= Mutanome =

Somatic cancer mutations in an individual tumor

The mutanome is the entirety of somatic cancer mutations in an individual tumor.

== Description ==
Carcinogenesis is largely driven by changes in the DNA sequence of the genomes of cancer cells. This process leads to a unique repertoire of mutations (′the mutanome′) in every patient's tumor. The mutanome encodes peptides that can be targets for T cells, which play a central role in the immune response.

A description of individual mutanomes of human tumors has been made feasible by the introduction of Next Generation Sequencing Technology (NGS). Cancer mutanomes can be defined by comparing exome sequencing data obtained by NGS of individual healthy tissue with sequences from tumor-derived nucleic acids. As the vast majority of cancer-associated mutations are patient specific, shared mutations are rare, even within the same type of cancer.

=== Neoantigens and neoepitopes ===
The mutanome encodes a pattern of tumor-specific mutated peptides referred to as neoantigens or m-peptides. Neoantigens are products of mutations that first occur in the course of cancer development. Each and every tumor has its own unique neoantigenic pattern, and even within the same type of cancer, only a small percentage of neoantigens are shared.

Neoantigens are presented on major histocompatibility complex (MHC) molecules of tumor cells.

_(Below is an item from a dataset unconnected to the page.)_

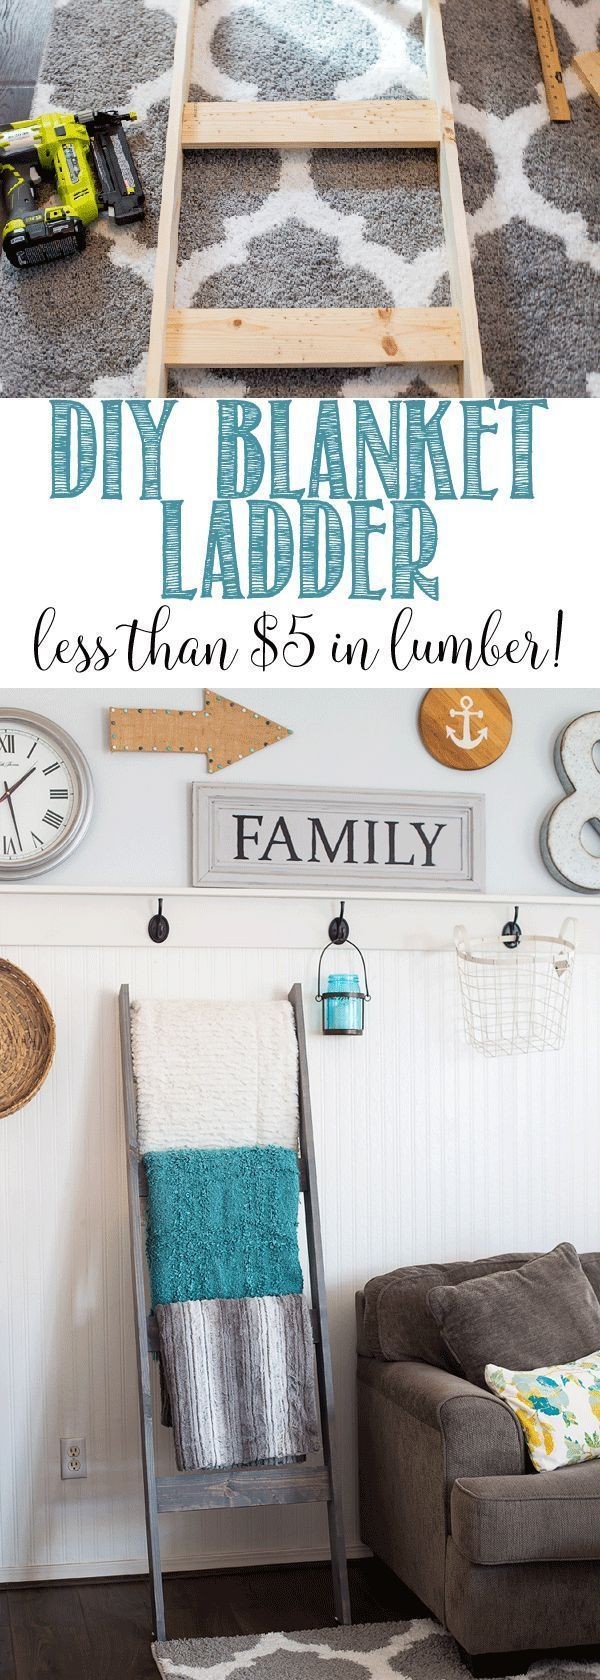 DIY Blanket Ladder for less than $5 in lumber Great step by

The antigenic determinants of neoantigens – neoepitopes – are recognized by the immune system as a target for T cells, thus triggering immune responses against cancer.

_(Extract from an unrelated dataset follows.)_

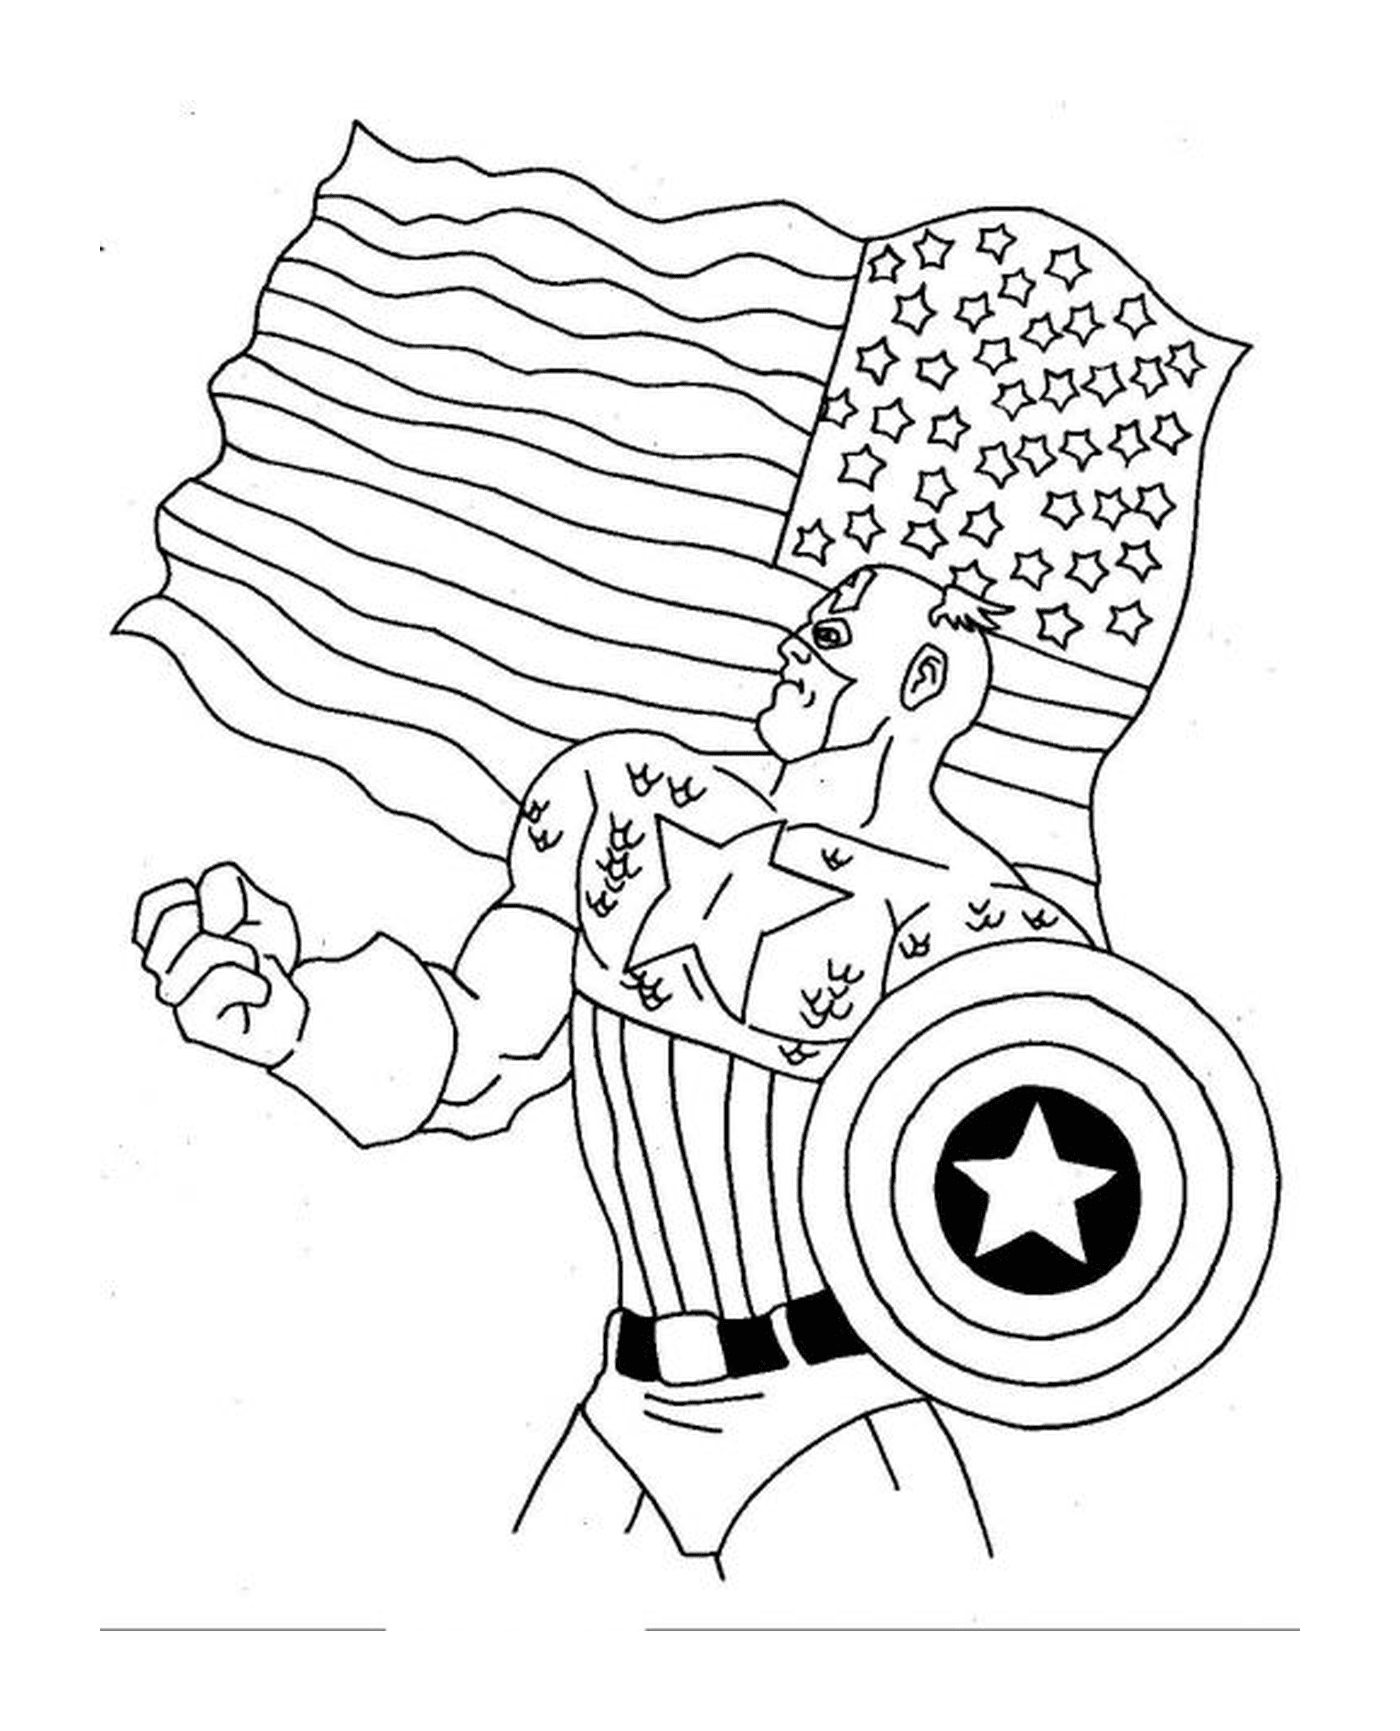  Captain America with an American flag

A neoepitope is an epitope the immune system has not encountered before. Therefore, it is not subject to tolerance mechanisms of the immune system. Since the mutated gene product is only expressed in tumors, but not on healthy cells, neoepitopes may evoke vigorous T cell response.

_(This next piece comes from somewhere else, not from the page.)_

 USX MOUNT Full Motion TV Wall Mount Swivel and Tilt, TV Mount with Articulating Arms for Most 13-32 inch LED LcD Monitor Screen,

== Mutanome immunotherapy ==
The vast majority of cancer mutations are unique to the individual patient, and a significant portion of mutations (21-45%) are immunogenic. Therefore, the patients' individual mutanome and the neoepitopes are used as the basis for a novel strategy against cancer, which is referred to as individualized cancer immunotherapy. Cancer immunotherapy uses the body's own immune defense system and is based on the recognition by cytotoxic and helper T cells with antitumor activity.

=== Mutanome-specific vaccines ===
Strategies to immunotherapeutically address the individual mutanome are currently under investigation. Ongoing mutanome cancer vaccine trials use synthetic peptides and antigen-encoding DNA or RNA as formats. For an individualized treatment, neoepitopes that are thought to elicit a strong immune response are selected out of the patient's mutanome.

An increasingly explored concept for individualized cancer immunotherapy is the treatment of a patient with immunogenic mRNA vaccines for a given patient's individual cancer mutanome (IVAC - Individualized Vaccine Against Cancer). The IVAC concept is based on decoding the individual mutanome by NGS and on-demand mRNA manufacturing for use in single patients to produce therapeutic vaccines against cancer.

Since 2016, the IVAC concept has been developed as Individualized Neoantigen Specific Therapy (iNeST).

The process of NSG based cancer mutanome mapping, target selection, prioritization approaches, synthetic mRNA vaccine manufacturing and delivery is also referred to as MERIT (mutanome engineered RNA immunotherapy). By vaccination with the synthetic mRNA, which contains the blueprint of a mutant tumor peptide, T lymphocytes are activated against the tumor.